Description of the task | Would you return exactly the lines below from the line with "Christmas ornament stock" through the line with "Courier service comparison", both included, and nothing else, leaving out the pictures?

Material to process |
++++++

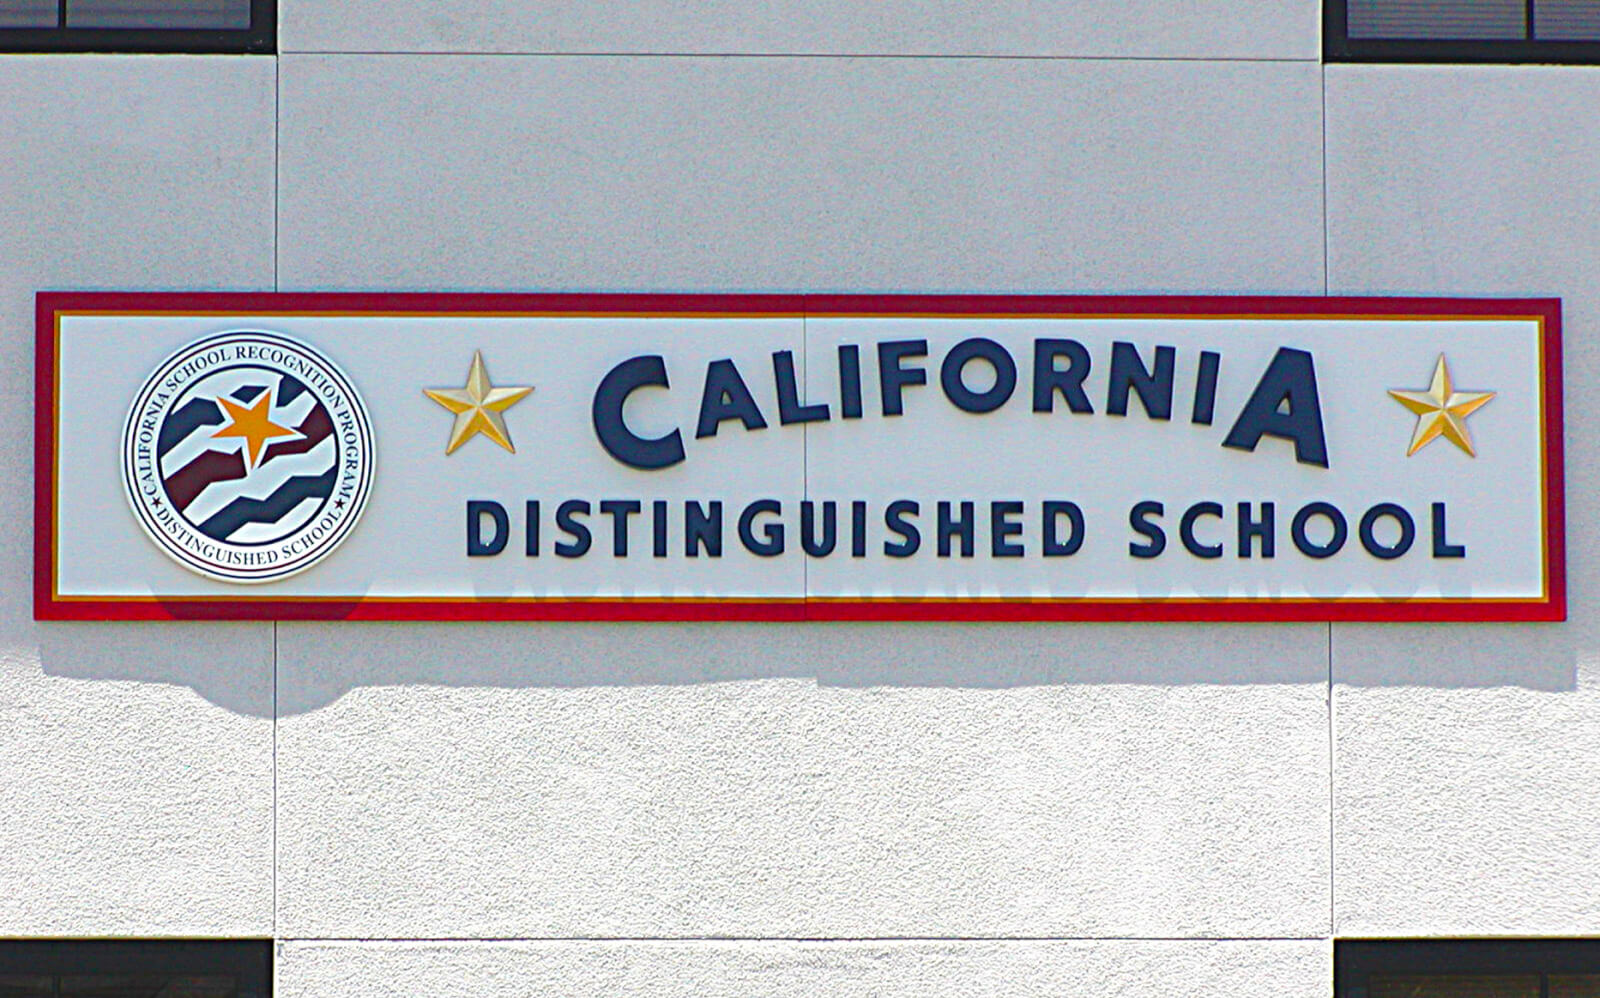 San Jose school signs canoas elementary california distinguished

++++++

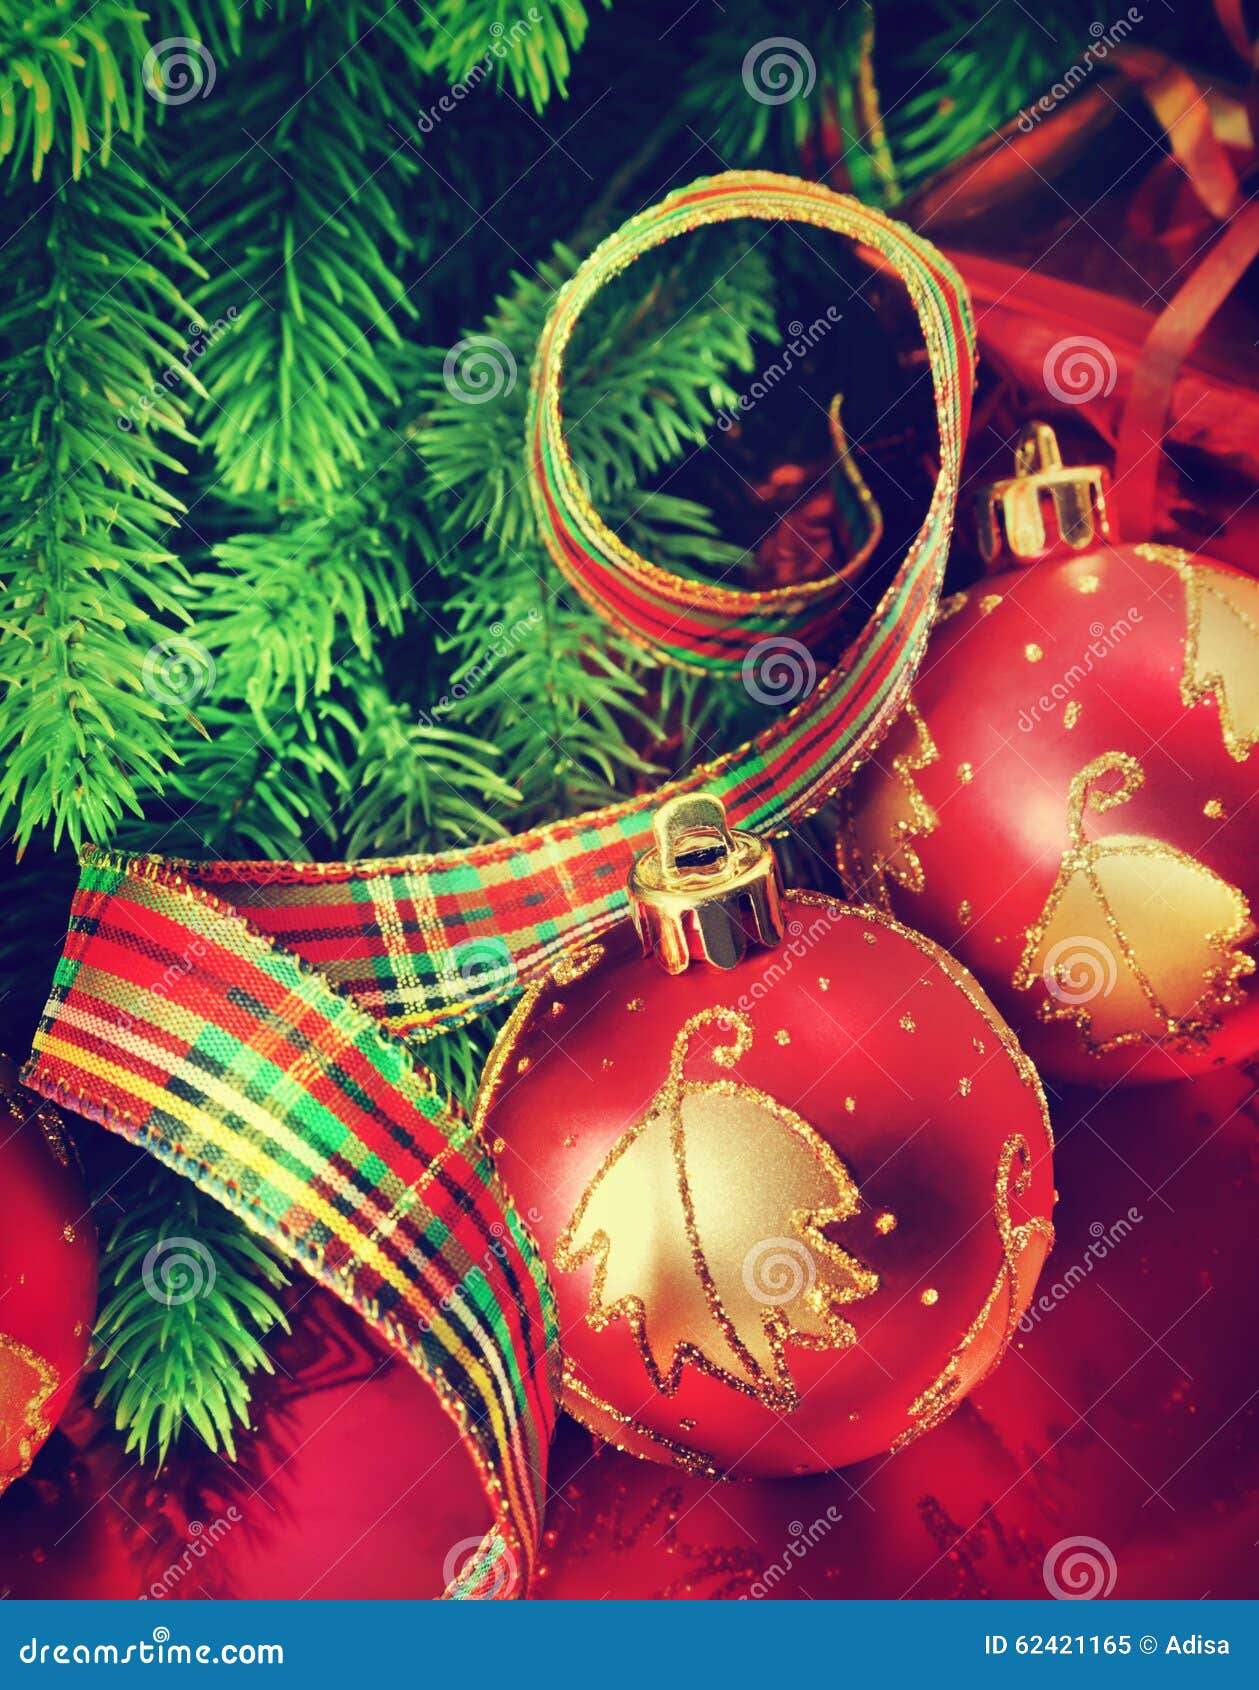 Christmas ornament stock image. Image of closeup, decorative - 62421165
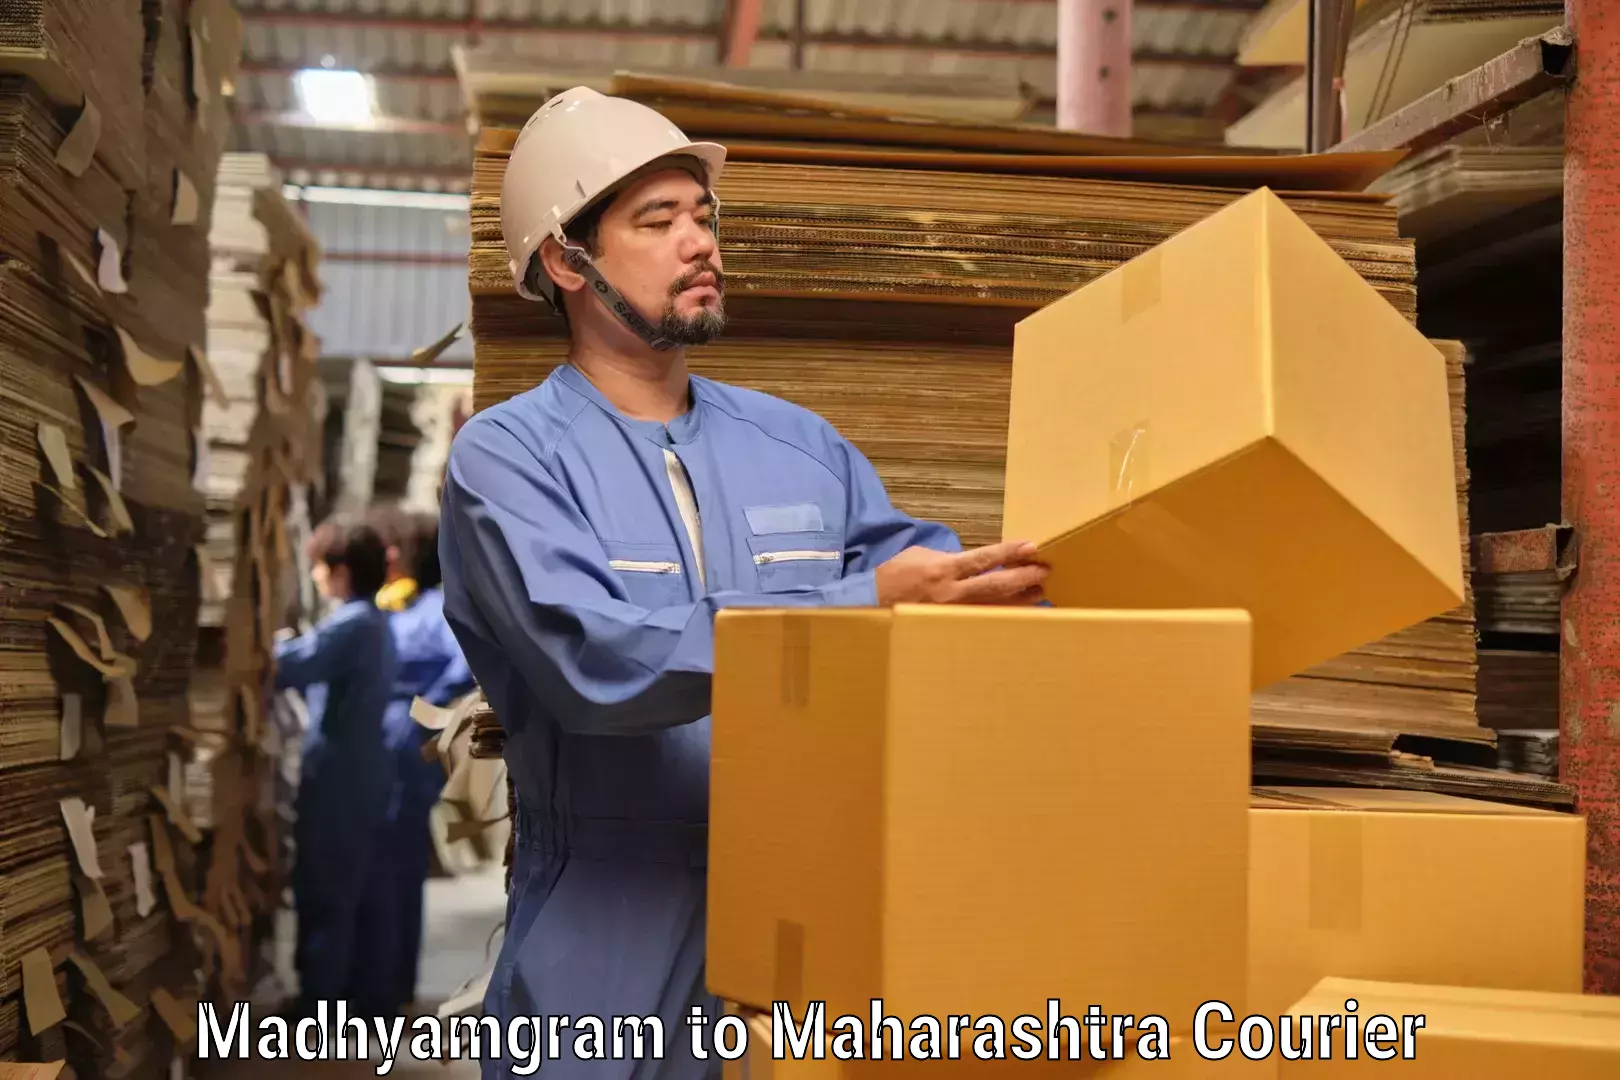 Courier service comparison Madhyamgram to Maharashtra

++++++

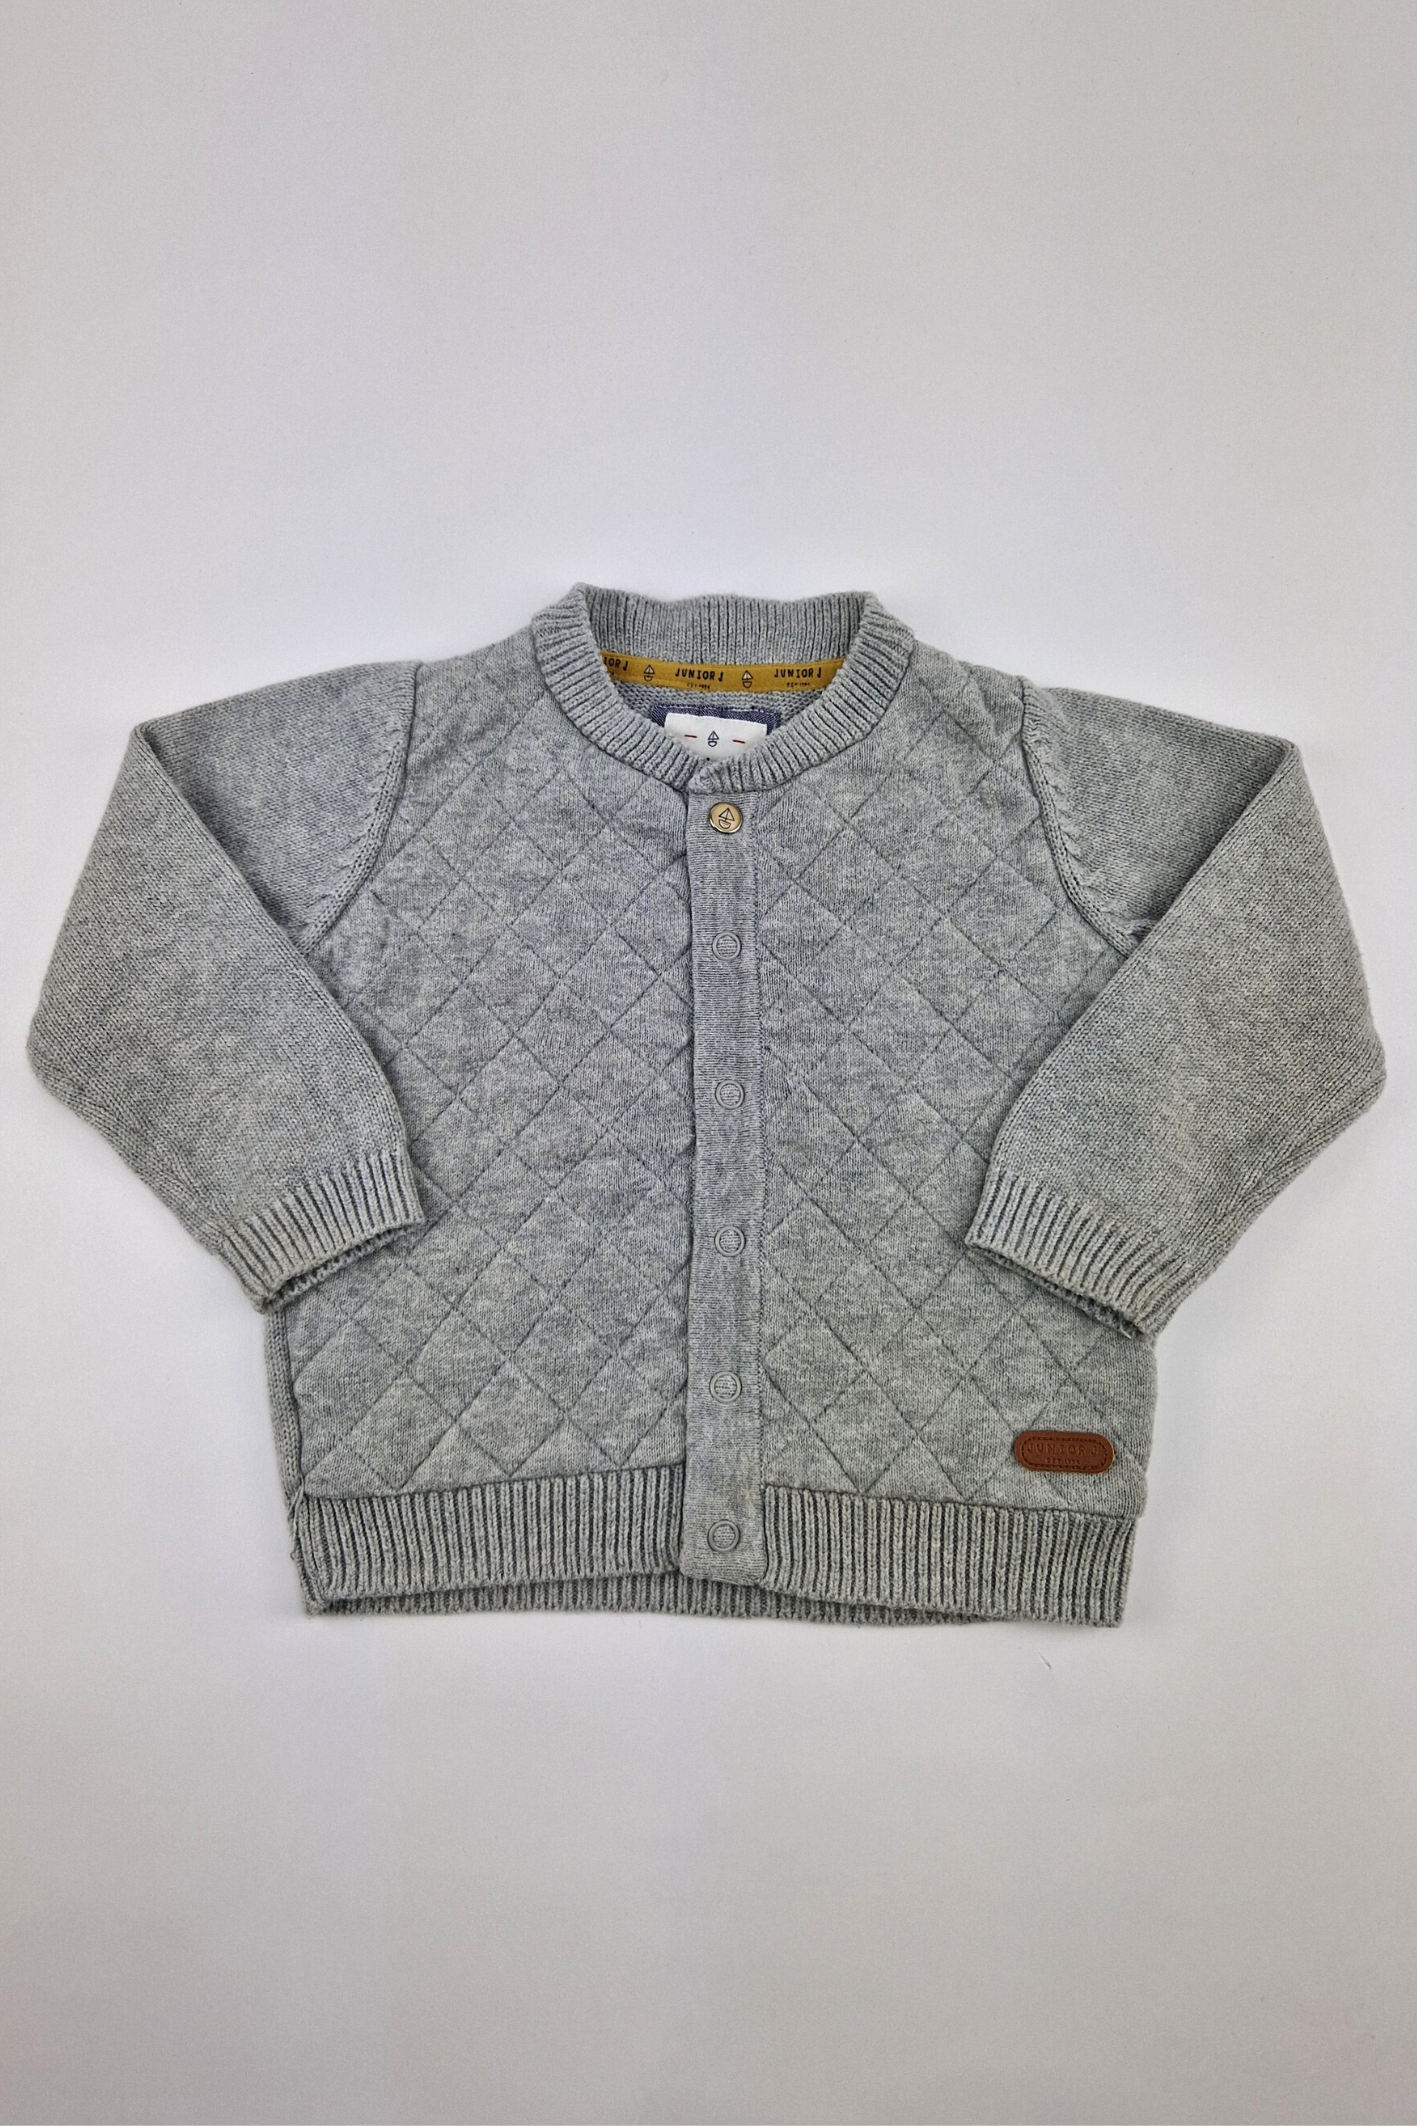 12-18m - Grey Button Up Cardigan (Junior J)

++++++

Output below |
 Christmas ornament stock image. Image of closeup, decorative - 62421165
 Courier service comparison Madhyamgram to Maharashtra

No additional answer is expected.